Starting at the line below that contains "3PCS Rattan Patio" and ending at the line that contains "Headstone for Thompson, Alta Mae", retype each line exactly as it stands, but omit the pictures.

Records
■ ■ ■ ■
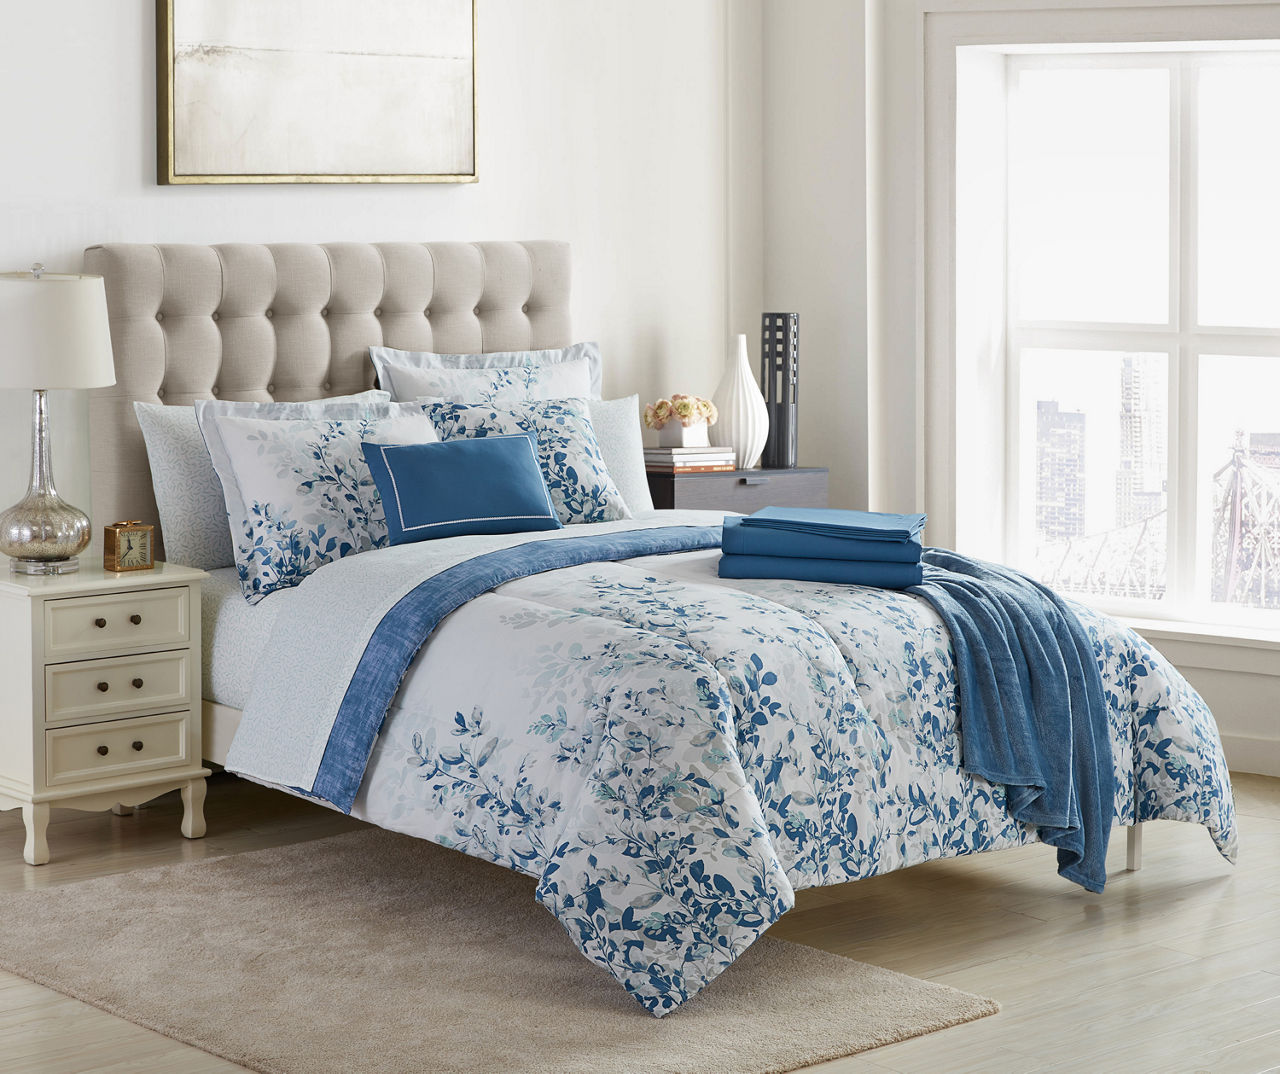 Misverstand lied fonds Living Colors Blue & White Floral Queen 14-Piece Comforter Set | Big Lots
■ ■ ■ ■
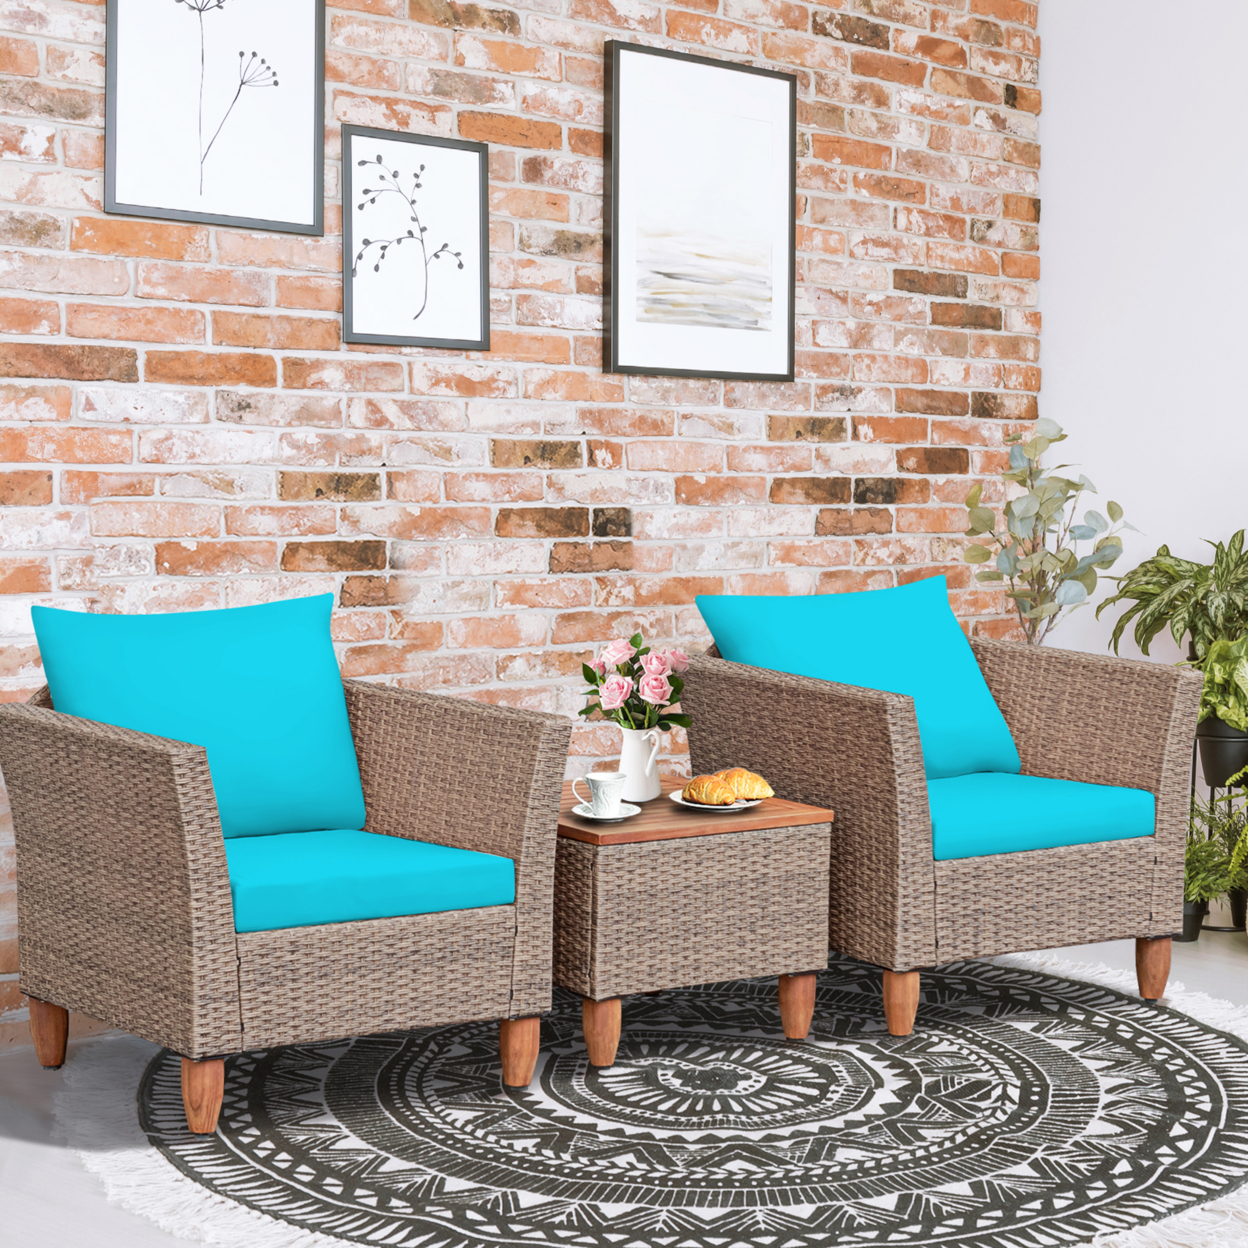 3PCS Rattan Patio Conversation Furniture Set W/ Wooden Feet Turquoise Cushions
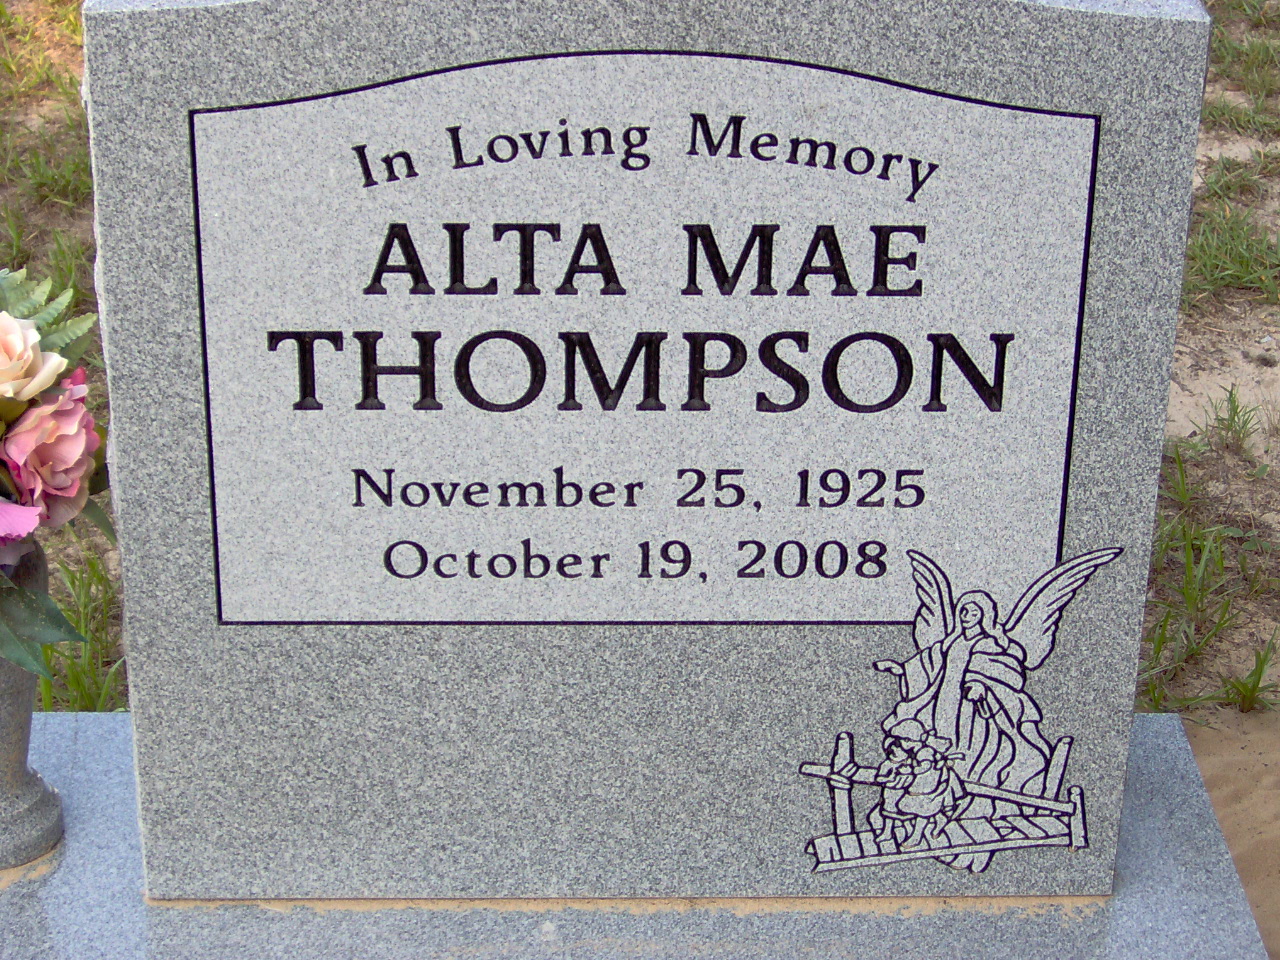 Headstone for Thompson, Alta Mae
■ ■ ■ ■
Answer for this exercise
 3PCS Rattan Patio Conversation Furniture Set W/ Wooden Feet Turquoise Cushions
 Headstone for Thompson, Alta Mae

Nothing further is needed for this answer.